On 10/28/10 Thu Oct 28, 10, "J. Andrew Rogers" <jar.mail...@gmail.com>
wrote:

> On Thu, Oct 28, 2010 at 1:40 PM, Eric Evans <eev...@rackspace.com> wrote:
>> 
>> One solution to this is to implement a server-side query language, with
>> simple language drivers that manage all of the common functionality in a
>> consistent way (statement preparation, connection pooling, etc).

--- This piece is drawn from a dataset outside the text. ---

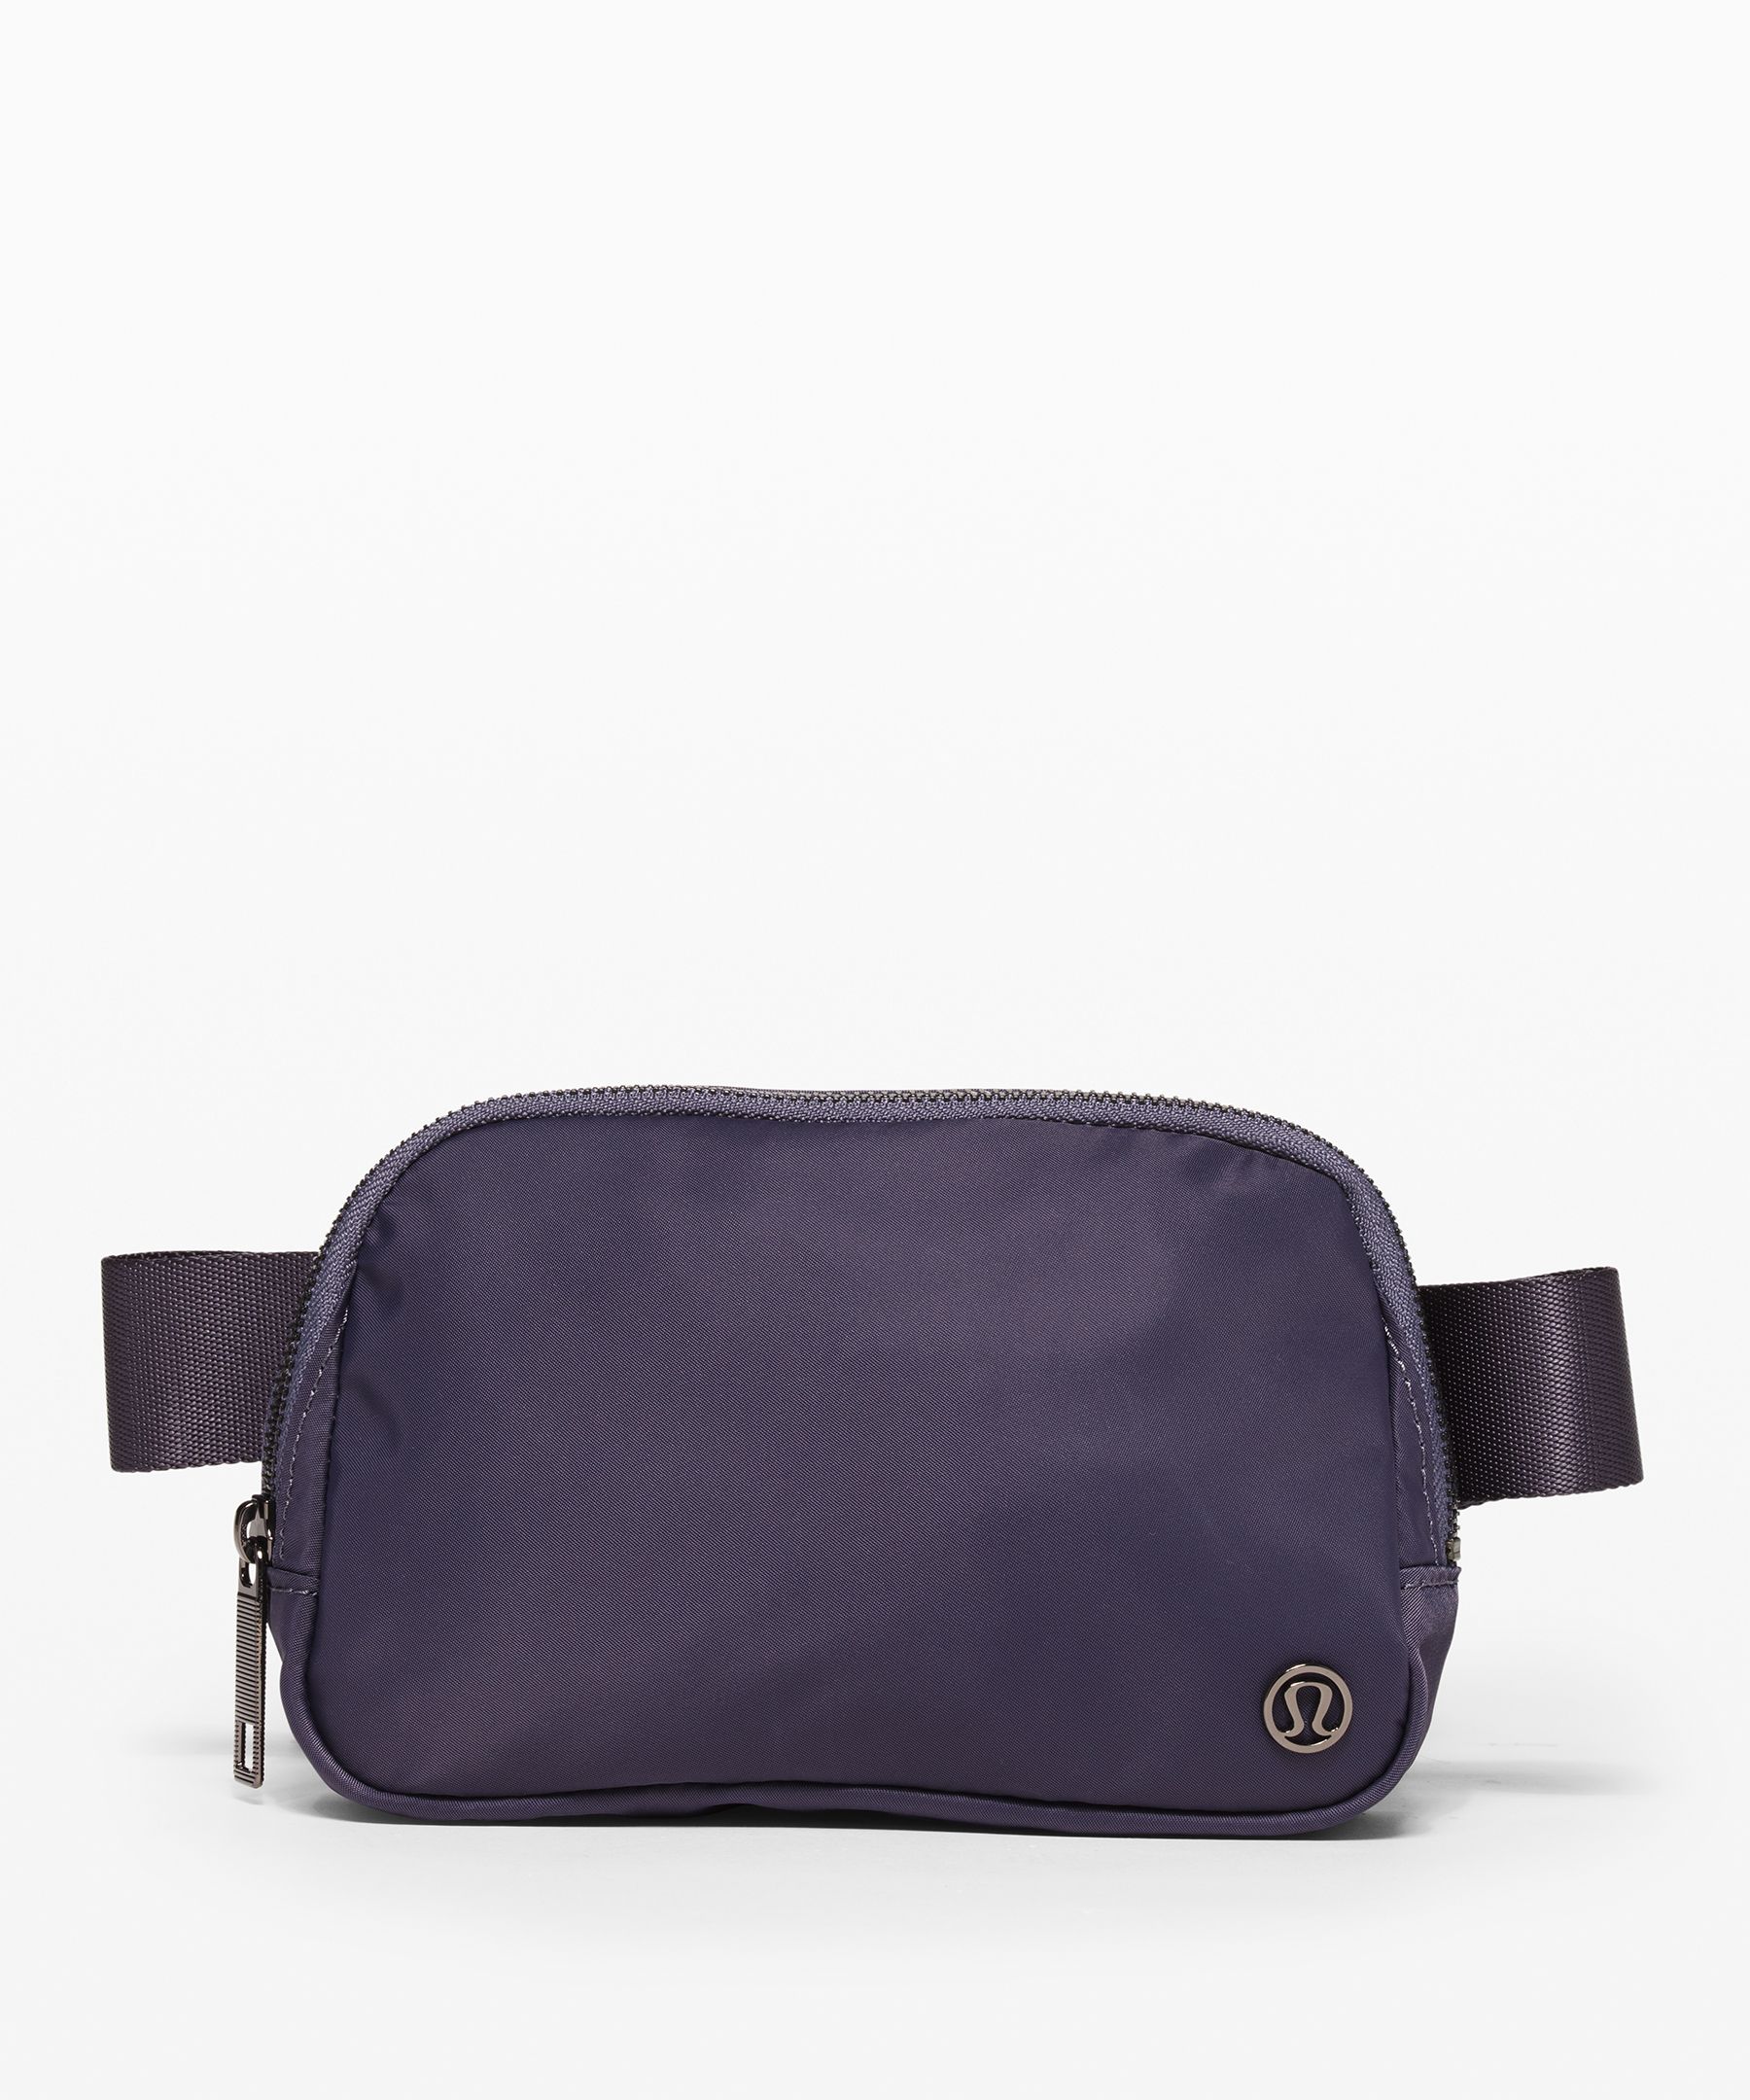 purple lululemon bag

>> Library maintainers would then build their idiomatic interfaces on top
>> of these, (and I imagine, remove a metric crap-ton of code in the
>> process).
>> 
>> To this end I've been playing with exactly that.  I have enough to do
>> simple reads and writes, and I have stubbed out drivers for Java and
>> Python.  I'm seeking community feedback to gauge interest, and to
>> satisfy the much needed desire to bike-shed. :)
>> 
>> http://github.com/eevans/cassandra/tree/CQL
>> 
>> You need to be sure you're checking out the "CQL" branch.
> 
> 
> Meta-comment: You probably should not call it CQL. That name is
> already used in multiple standards for similar purposes. These aren't
> dead standards either, for some types of non-SQL database applications
> you are required to implement them. I once wrote a query language
> bridge between a couple CQL database standards, and the current mess
> already confuses the hell out of people. It would not surprise me if
> someone is working on a CQL implementation (pick your standard) that
> uses Cassandra as a backend since it would be a good fit for some use
> cases.
> 
> To highlight the insanity of the "CQL" namespace, some government
> applications require implementation of two CQL standards where the
> "CQL" acronym expands to the *exact same name* and fill almost
> identical roles.  This creates several levels of hell for developers.